Records shown START

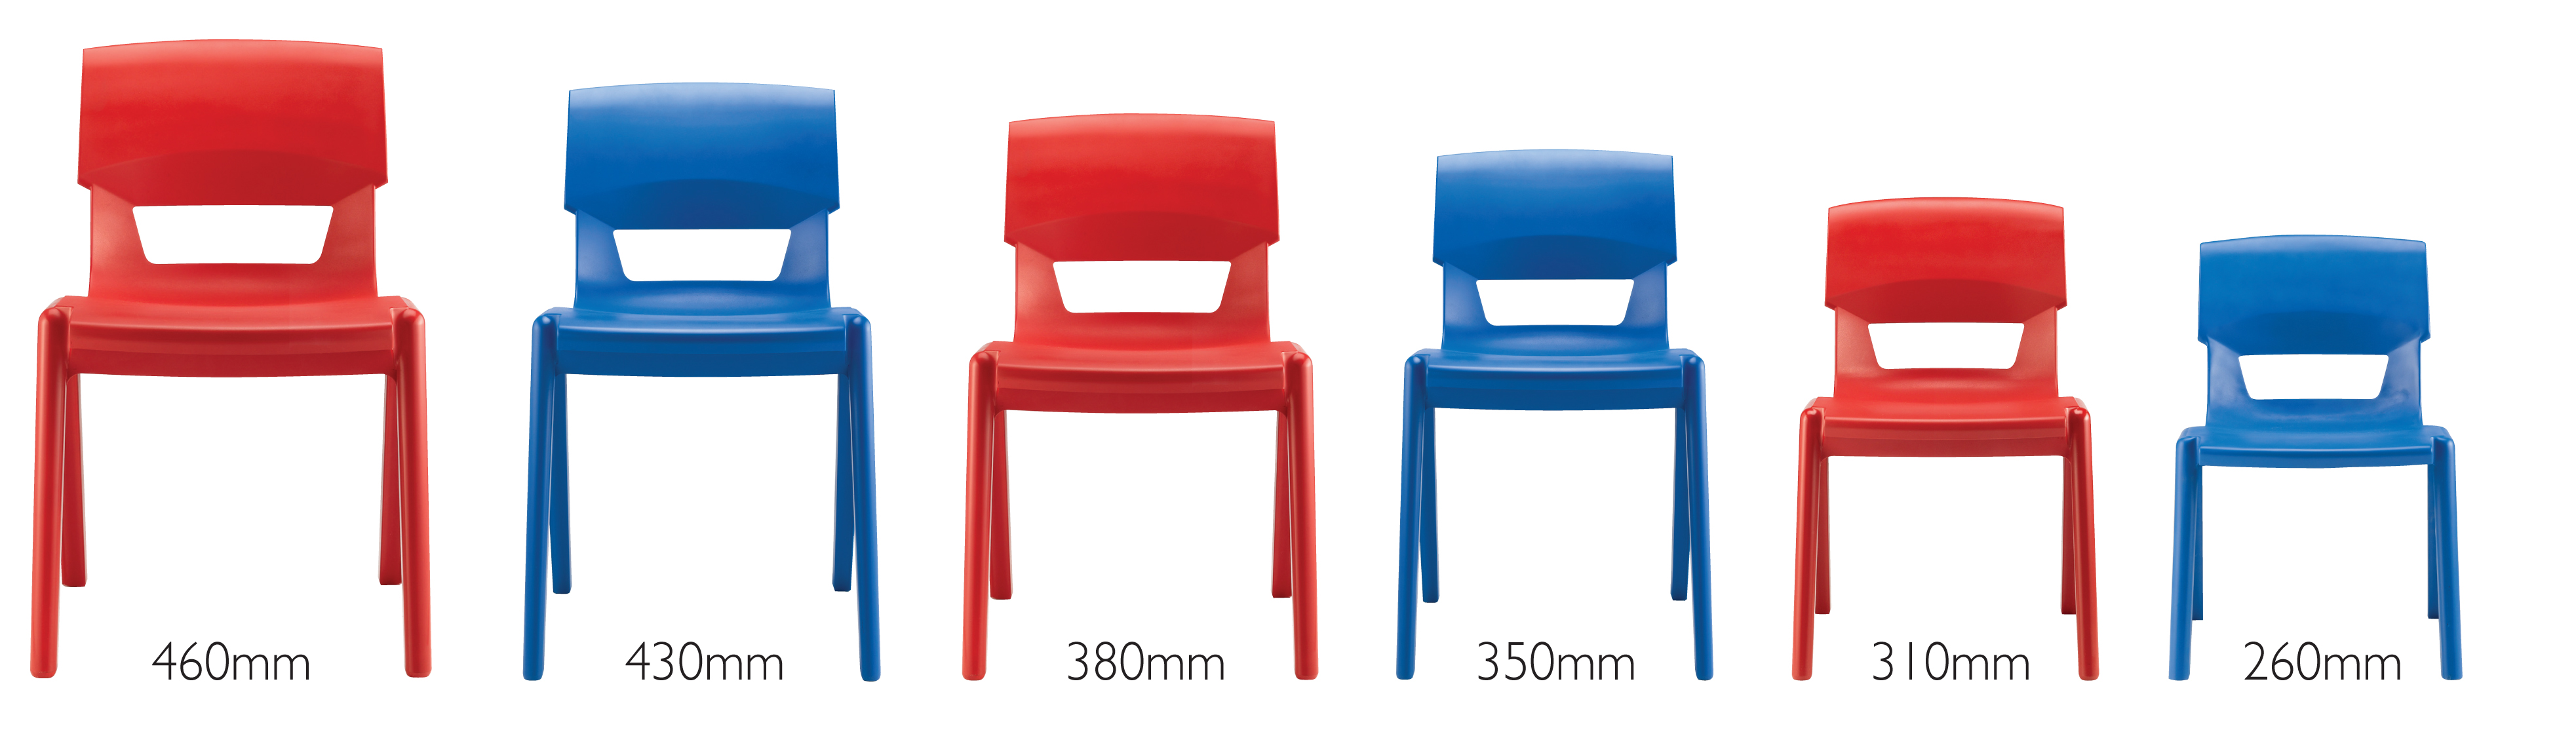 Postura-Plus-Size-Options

Records shown END
Records shown START

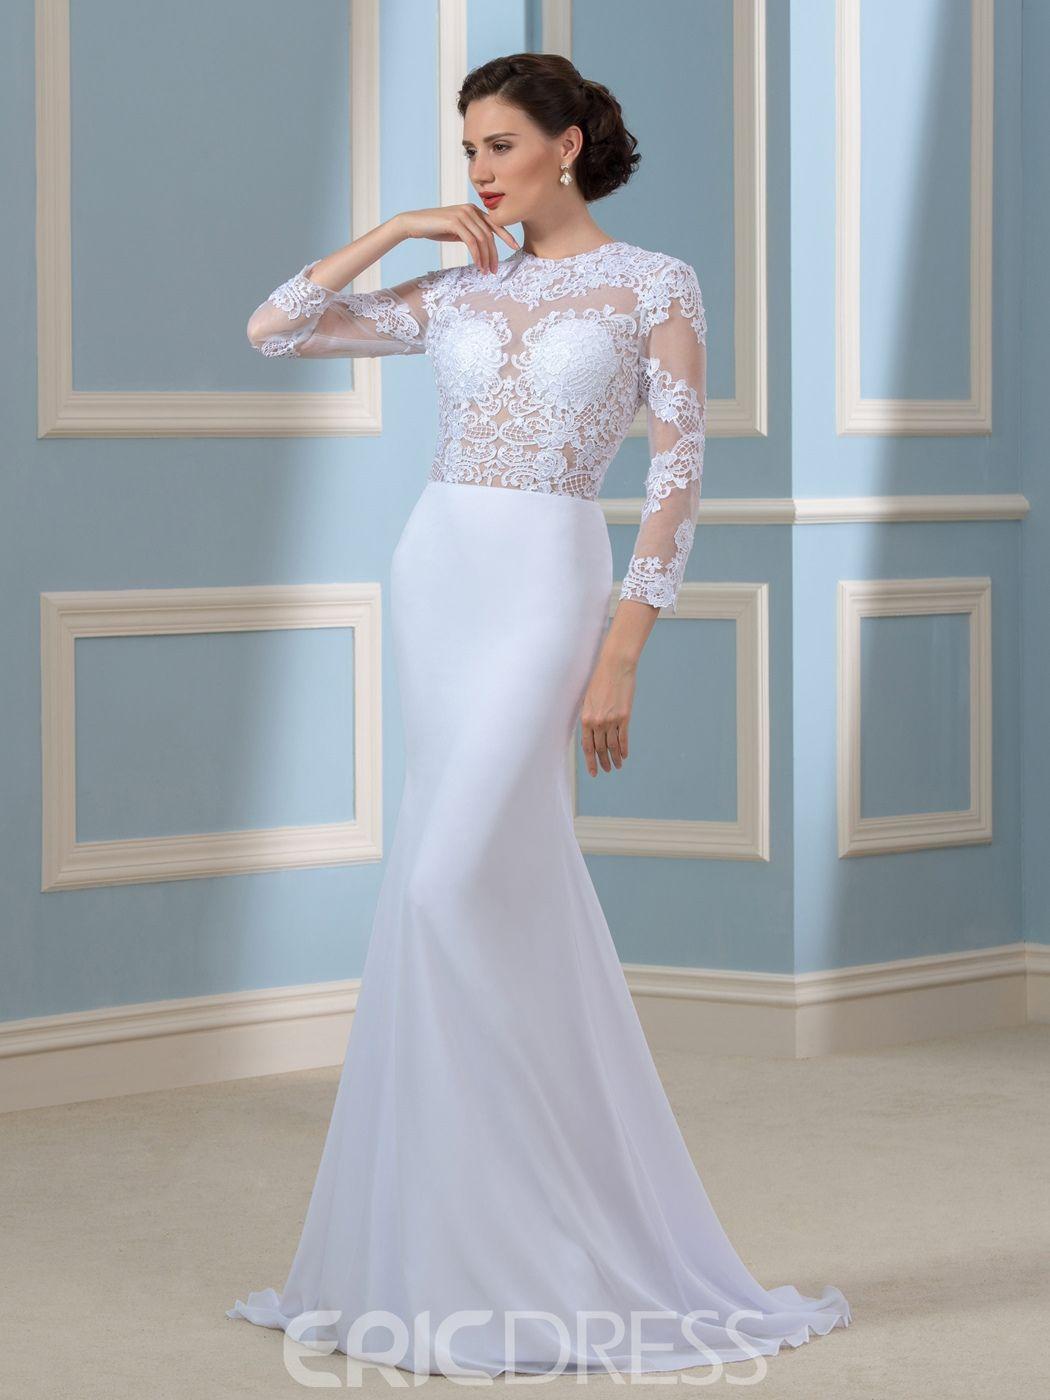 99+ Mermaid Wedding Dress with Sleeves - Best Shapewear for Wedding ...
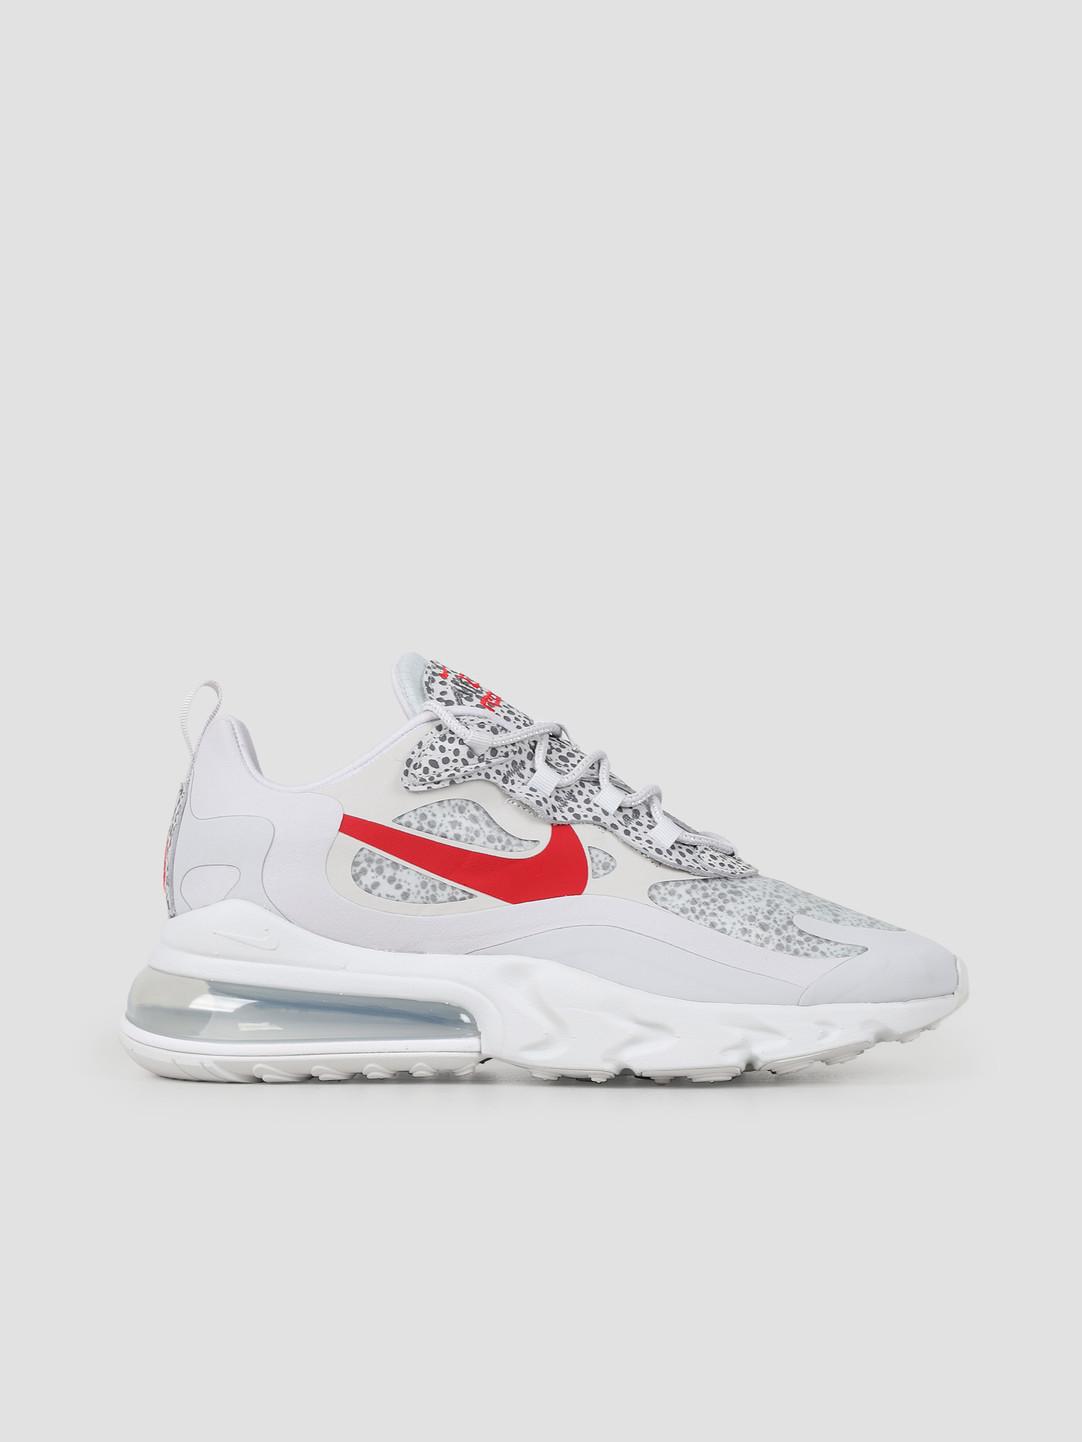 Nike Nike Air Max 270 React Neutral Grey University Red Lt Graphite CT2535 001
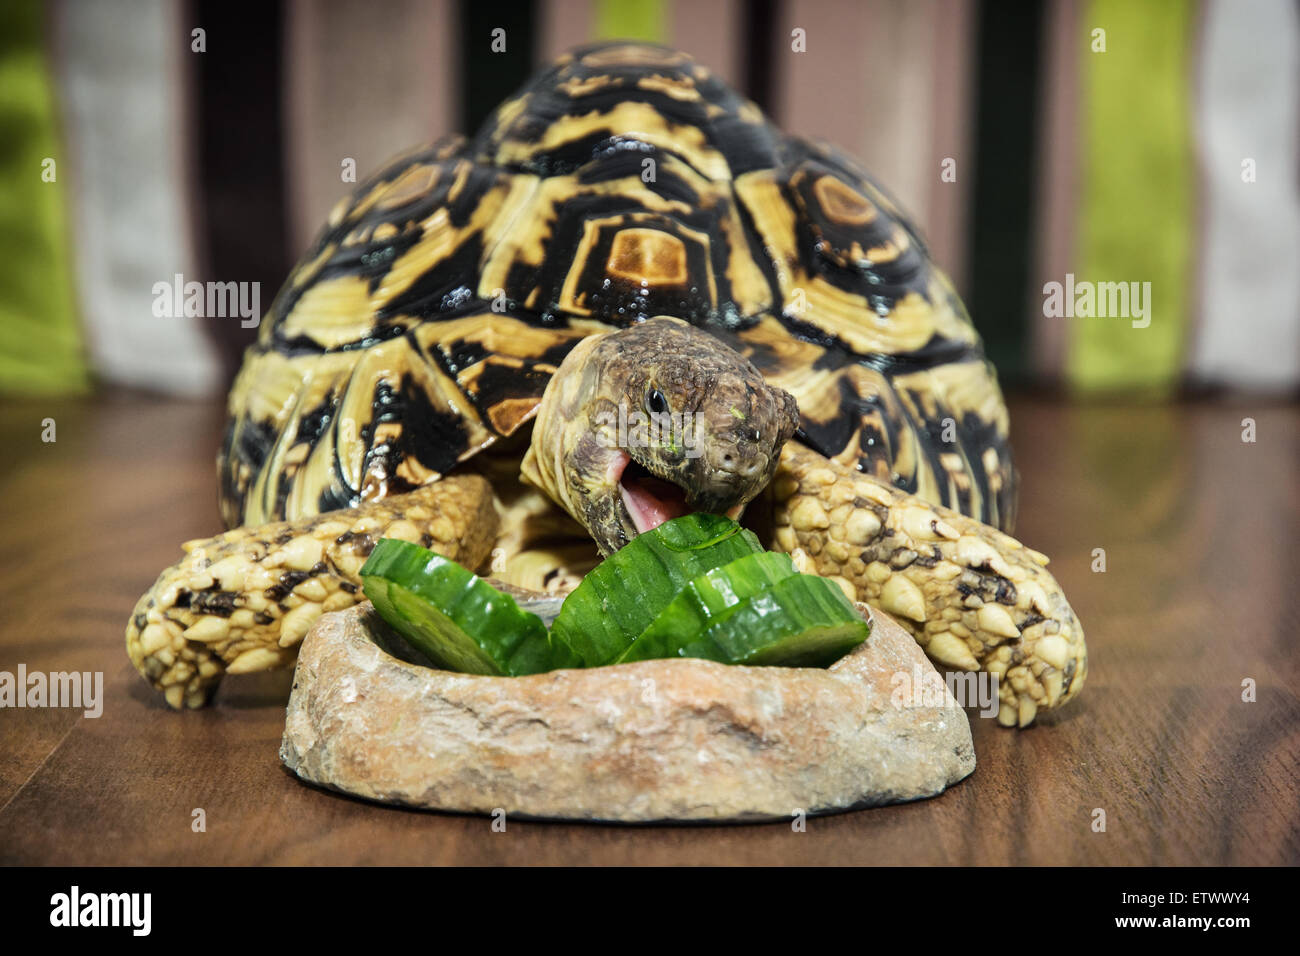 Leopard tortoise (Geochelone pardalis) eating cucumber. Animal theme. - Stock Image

Records shown END

With the pictures left out, write out exactly the lines above from the one containing "Nike Nike Air" through the one containing "Leopard tortoise (Geochelone".

 Nike Nike Air Max 270 React Neutral Grey University Red Lt Graphite CT2535 001
 Leopard tortoise (Geochelone pardalis) eating cucumber. Animal theme. - Stock Image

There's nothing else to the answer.